APL originally had a lot of its own symbols with very little reuse, and clear rules. Learning the symbols was one thing, but the usage rules were minimal and simple. I'm not a major fan of too many different symbols, but I really hate reuse in any context where how things will be parsed is unclear. In the raku example, what if the elements were to be multiplied?

> Calling it "stupid" is showing your prejudice. (I don't and can't write APL but still respect it) > Reminds me a bit of the fish anecdote told by DFW...

Yeah, for some reason, it's not OK for me to insult a language, but it's OK for you to insult a person.

But you apparently missed that the "twisty" part was about the multiple meanings. Because both those symbols are used in Python (the * in multiple contexts even) but the rules on parsing them are very simple.

perl and its successor raku are not about simple parsing. You are right to worry about the semantics of execution, but that starts with the semantics of how the language is parsed.

In any case, sure, if you want to be anal about paradigm purity, take my first example, and (1) ignore the print statement because the raku version wasn't doing that anyway, although the OP's python version was, and (2) change the accumulation.

  seq = [0,1]
  while len(seq) < 20:
    seq = seq + [seq[-2] + seq[-1]]

But that won't get you very far in a shop that cares about pythonicity and coding standards.

And...

You can claim all you want that the original was "pure" but that's literally because it did nothing.
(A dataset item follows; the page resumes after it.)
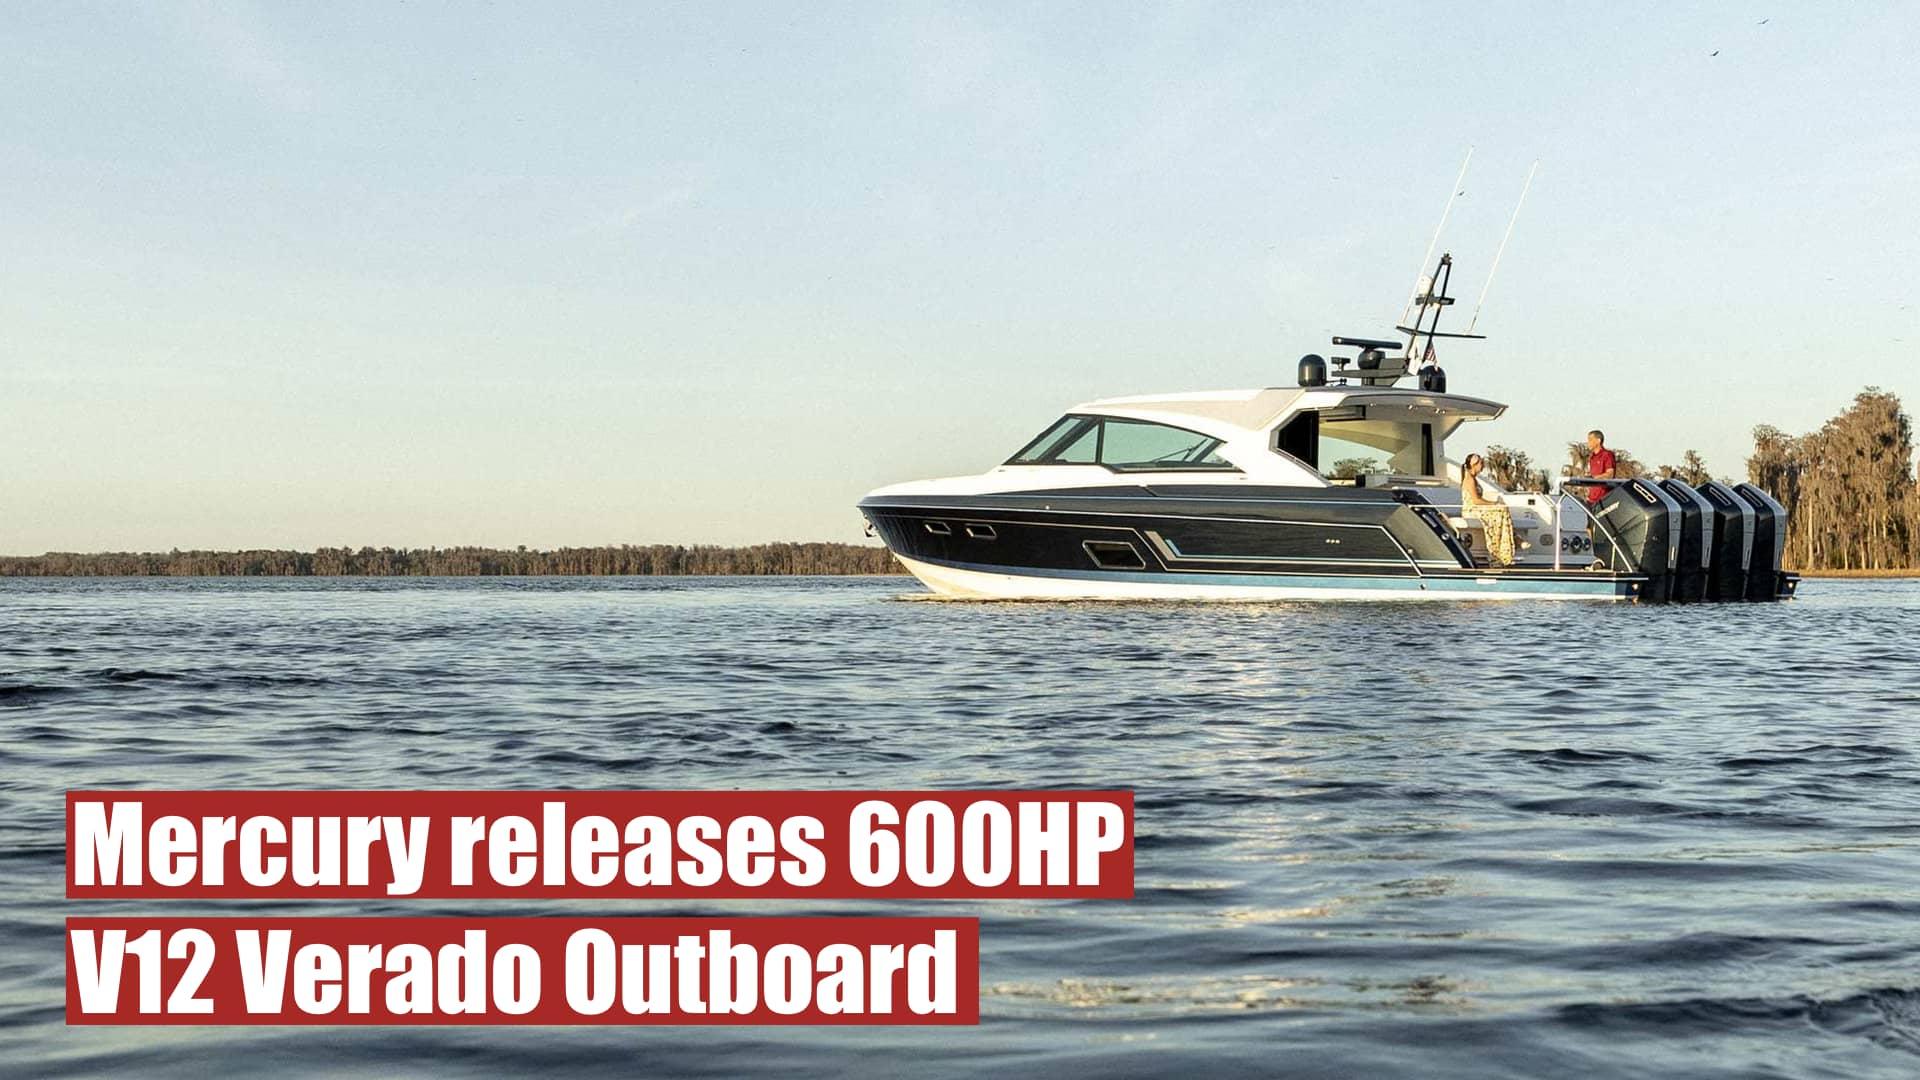 Luxury Performance: Mercury releases 600HP V12 Verado Outboard

Not only did it have no side effects, but, unless it was assigned or had something else done with it, the result was null and void.

Purity only gets you so far.

jaen · 2026-02-22T08:12:24 1771747944

You're getting more and more irrational.

> it's OK for you to insult a person.

I made an analogy which just means that it's hard to understand what the different styles and paradigms are when those are the things you constantly use.

You're apparently taking that as an insult...

> But you apparently missed that the "twisty" part

I didn't miss anything. You just didn't explain it. "twisty" does not mean "ambiguous" or "hard to parse". Can't miss what you don't write.

lizmat · 2026-02-20T23:30:09 1771630209

> In the raku example, what if the elements were to be multiplied?

$ raku -e 'say (0, 1, 2, * × * ... )[^10]' # for readability (0 1 2 2 4 8 32 256 8192 2097152)

$ raku -e 'say (0, 1, 2, * * ... *)[^10]' # for typeability (0 1 2 2 4 8 32 256 8192 2097152)

zephen · 2026-02-21T01:29:17 1771637357

Yeah, no thanks.

My instincts about raku were always that perl was too fiddly, so why would I want perl 6, and this isn't doing anything to dissuade me from that position.

jaen · 2026-02-18T18:11:38 1771438298

but...

1. Synchronizing on trivial properties (otherwise you couldn't use `public` anyway!) is an anti-pattern, as it's a too fine-grained unit of concurrency and invites race conditions.

2. Can't proxy without rewriting byte code, you mean.

3. Of course you can evolve, it's just a breaking ABI change so it requires a trivial code migration on the side of the callee. If the cost of that migration is too high, something else is wrong.

uniq7 · 2026-02-19T01:51:34 1771465894

> a trivial code migration on the side of the callee

If your library is used by multiple consumers, forcing all them to migrate is not trivial, no matter how simple the change is.

If your income comes from these customers, it is not a good idea to put every one of them in the situation of having to choose between updating their code or stoping being your customer.